Ion exclusion by sub-2-nm carbon nanotube pores

Abstract

Biological pores regulate the cellular traffic of a large variety of solutes, often with high selectivity and fast flow rates. These pores share several common structural features: the inner surface of the pore is frequently lined with hydrophobic residues, and the selectivity filter regions often contain charged functional groups. Hydrophobic, narrow-diameter carbon nanotubes can provide a simplified model of membrane channels by reproducing these critical features in a simpler and more robust platform. Previous studies demonstrated that carbon nanotube pores can support a water flux comparable to natural aquaporin channels. Here, we investigate ion transport through these pores using a sub-2-nm, aligned carbon nanotube membrane nanofluidic platform. To mimic the charged groups at the selectivity region, we introduce negatively charged groups at the opening of the carbon nanotubes by plasma treatment. Pressure-driven filtration experiments, coupled with capillary electrophoresis analysis of the permeate and feed, are used to quantify ion exclusion in these membranes as a function of solution ionic strength, pH, and ion valence.

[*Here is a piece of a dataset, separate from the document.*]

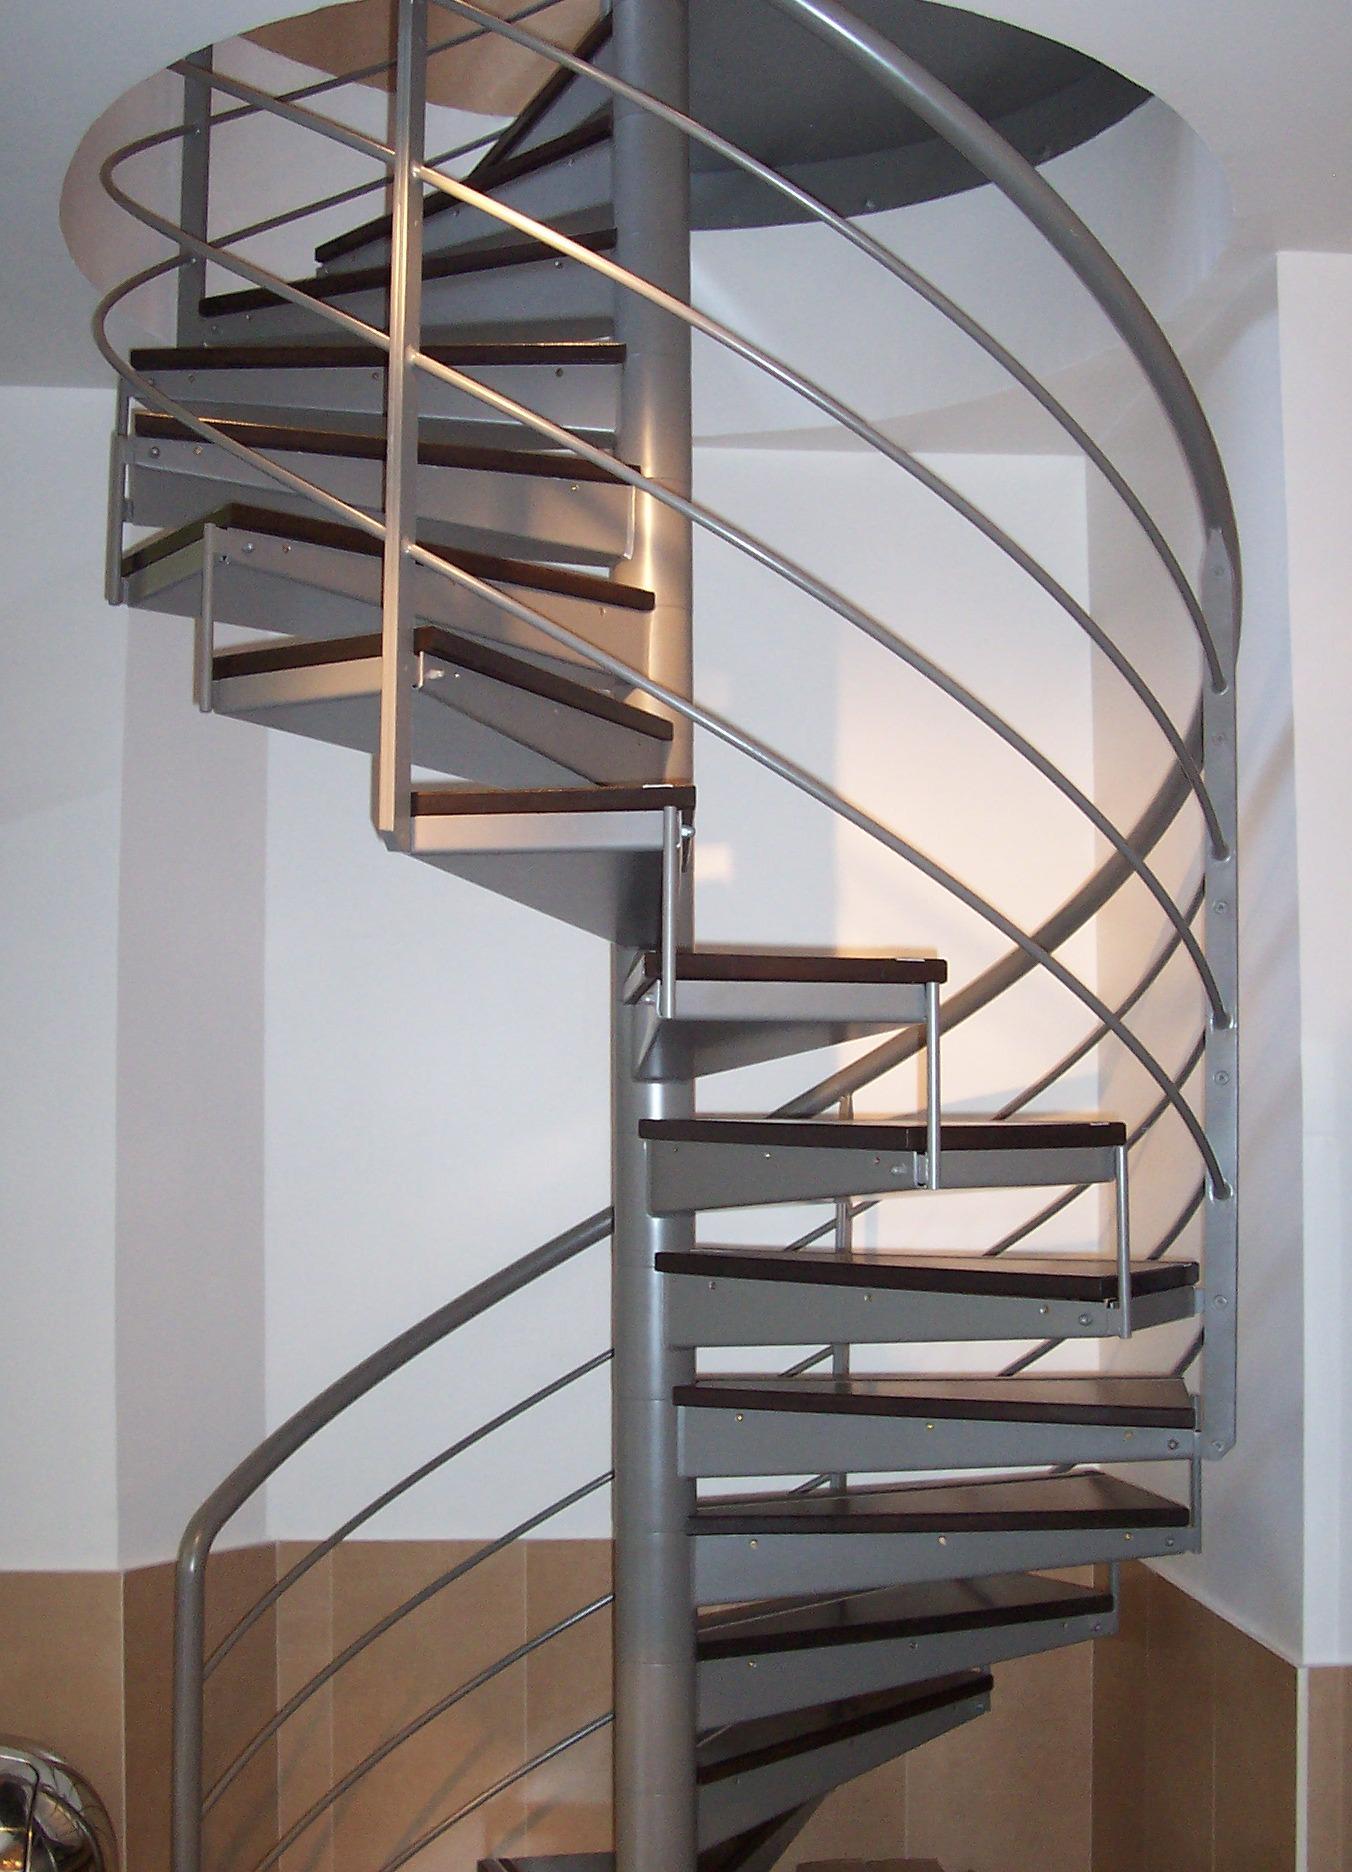 Les rampes ehi escalier h lico dal industriel for Cage escalier exterieur

We show that carbon nanotube membranes exhibit significant ion exclusion that can be as high as 98% under certain conditions. Our results strongly support a Donnan-type rejection mechanism, dominated by electrostatic interactions between fixed membrane charges and mobile ions, whereas steric and hydrodynamic effects appear to be less important.

Fig. 1.

CNT/silicon nitride membrane platform for ultrafast nanofiltration of electrolytes. (a) Cross-section schematic of a CNT membrane representing the silicon support chip, the aligned DWNTs, the filling silicon nitride matrix, and the CNT tips functionalized with carboxylic groups. (b) Cross-section SEM image of the CNT/silicon nitride composite showing the gap-free coating of silicon nitride. (c) Photographs of the membrane sides exposed to the feed (Upper) and to the permeate (Lower). (d) Time variation of permeate volume per unit area of freestanding membrane during the filtration of 0.6 mM K₃Fe(CN)₆ solution. The resulting permeation flux, F, is ≈1,000 larger than the calculated value with the Hagen–Poiseuille equation, F_HP. (e) Schematic of the nanofiltration cell showing the column of feed solution (1) pressurized at P = 0.69 bar, the CNT membrane (2), the permeate solution (3), and feed (4) and permeate (5) chambers. (f) Capillary electrophoresis chromatogram for feed (red) and permeate (blue) showing a 91% exclusion of the ferricyanide anion after nanofiltration of a 1.0 mM K₃Fe(CN)₆ solution.

Fig. 2.

Effect of pH on measured rejection for a 0.5 mM Na₄PTS solution. (a) UV spectra for feed (red) and permeate at pH 3.8 (blue) and pH 7.2 (green). (b) Anion (red) and cation (yellow) rejection at pH 3.8 and pH 7.2.

Fig. 3.

Dependence of K₃Fe(CN)₆ (circles) and KCl (diamonds) rejections on solution concentration (a) and Debye length (b). Filled markers correspond to anions, and empty markers correspond to cations. The dashed black vertical line in b marks the average CNT diameter. Dashed green and orange lines show the rejection coefficients calculated using Donnan membrane equilibrium theory (Eq. 1) for a 1:3 and a 1:1 electrolyte, respectively. To illustrate the trends predicted by the Donnan theory, the membrane charge density is set equal to 3.0 mM.

Fig. 4.

Rejection coefficients (bars) measured for six salt solutions that have the same equivalent concentration but different ion valence. Points (filled circles) indicate rejections calculated with the Donnan theory, Eq. 1, with a membrane charge density c_x^m = 2.0 mM [this value was chosen to fit K₃Fe(CN)₆ rejection]. This density corresponds to approximately seven charged groups per nanotube (see SI Text).